G --> H["VectorizeStreamConsumer consumes task"]
H --> I["markProcessing\nvectorStatus=PROCESSING"]

I --> J["vectorizeAndStore\nchunk text and write to pgvector"]
J --> K{"Did vectorization succeed?"}

K -->|Yes| L["markCompleted\nvectorStatus=COMPLETED\nvectorError=null"]
K -->|No| M{"retryCount < 3 ?"}
M -->|Yes| N["Requeue task (retry+1)"]
N --> H
M -->|No| O["markFailed\nvectorStatus=FAILED\nwrite vectorError"]

P["Call POST /api/knowledgebase/{id}/revectorize"] --> Q["Reset status to PENDING\nclear vectorError"]
Q --> G

R["Call DELETE /api/knowledgebase/{id} to delete knowledgebase"] --> S["Remove RAG session associations"]
S --> T["Delete vector data (best effort) + delete storage file (best effort)"]
T --> U["Delete knowledgebase DB record\nlifecycle ends"]

Diagram 2: Chunked Knowledgebase Vectorization Flow

flowchart TD
A["Knowledgebase upload succeeds"] --> B["Save knowledgebase record vectorStatus=PENDING"]
B --> C["Send vectorization task to Redis Stream"]
C --> D["VectorizeStreamConsumer starts polling"]
D --> E["Read one message: kbId + content + retryCount"]
E --> F["Set status to PROCESSING"]
F --> G["Execute vectorizeAndStore"]

G --> H["Delete old vectors for this kbId"]
H --> I["Text chunking via TokenTextSplitter"]
I --> J["Add metadata kb_id to each chunk"]
J --> K["Batch call vectorStore.add to write vectors"]

K --> L["Set status to COMPLETED"]
L --> M["ACK message"]

G --> N{"Processing exception?"}
N -->|Yes| O{"retryCount < 3"}
O -->|Yes| P["retryCount+1 and requeue"]
P --> M
O -->|No| Q["Set status to FAILED and record error"]
Q --> M

Key API Design

`GET /api/knowledgebase/list` Get Knowledgebase List (Status Filter + Sorting)

Call chain:

Result.success(listService.listKnowledgeBases(status, sortBy));
knowledgeBaseRepository.findByVectorStatusOrderByUploadedAtDesc(vectorStatus);
knowledgeBaseRepository.findAllByOrderByUploadedAtDesc();
entities = sortEntities(entities, sortBy);

`GET /api/knowledgebase/{id}` Get Knowledgebase Detail

Call chain:

listService.getKnowledgeBase(id);
knowledgeBaseRepository.findById(id);

`DELETE /api/knowledgebase/{id}` Delete Knowledgebase

Core flow:

deleteService.deleteKnowledgeBase(id);
knowledgeBaseRepository.findById(id);
sessionRepository.findByKnowledgeBaseIds(List.of(id));
vectorService.deleteByKnowledgeBaseId(id);
storageService.deleteKnowledgeBase(kb.getStorageKey());
knowledgeBaseRepository.deleteById(id);

Notes:

Removes RAG session associations first, then deletes vectors/storage files, then DB record.
Vector/storage deletion failures are logged as warn and do not block the main delete flow.

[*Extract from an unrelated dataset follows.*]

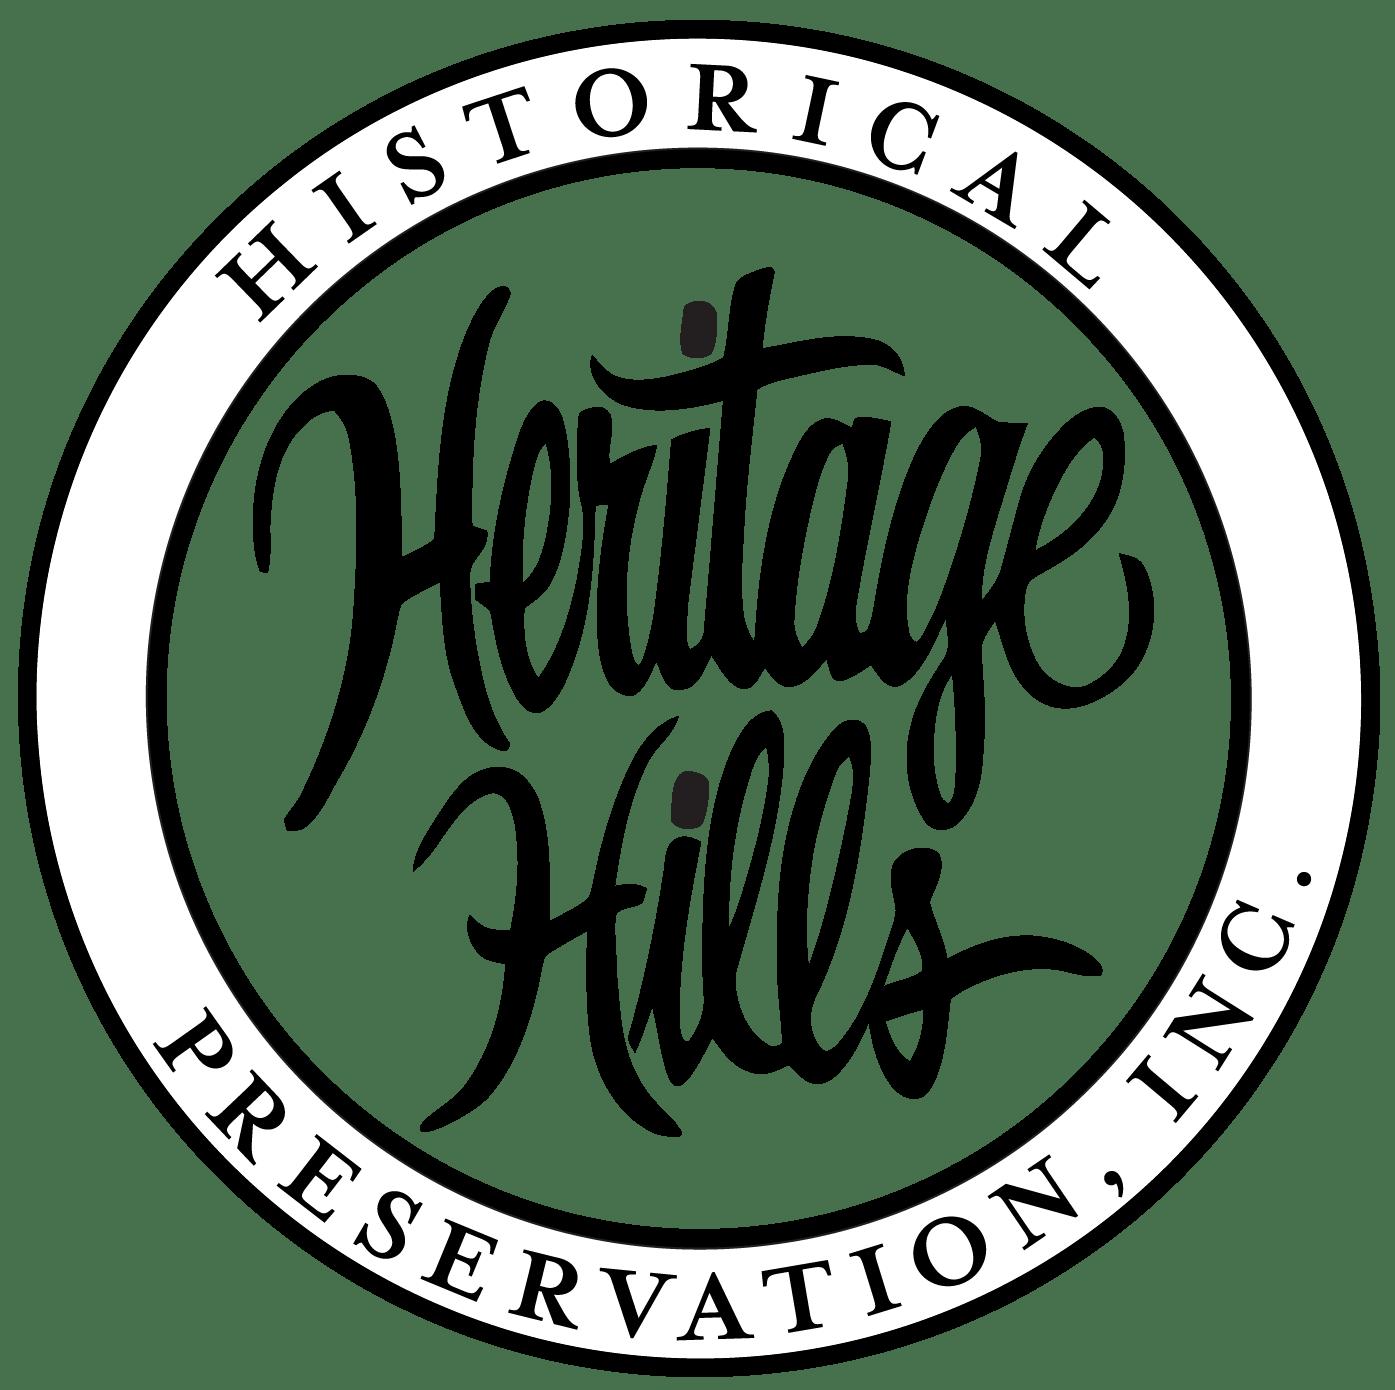 Historical Preservation, Inc.

`POST /api/knowledgebase/query` Non-Streaming Q&A (Multi-Knowledgebase)

Rate limits:

GLOBAL/IP: 10 each

Call chain:

queryService.queryKnowledgeBase(request);
answerQuestion(...);
countService.updateQuestionCounts(...);
vectorService.similaritySearch(...);

Processing highlights:

knowledgeBaseIds and question are required.
If no hit, returns fixed fallback text: “No information retrieved”.
If hit exists, builds context + prompts and calls default ChatClient for answer generation.
Returns QueryResponse(answer, primaryKbId, kbNamesStr).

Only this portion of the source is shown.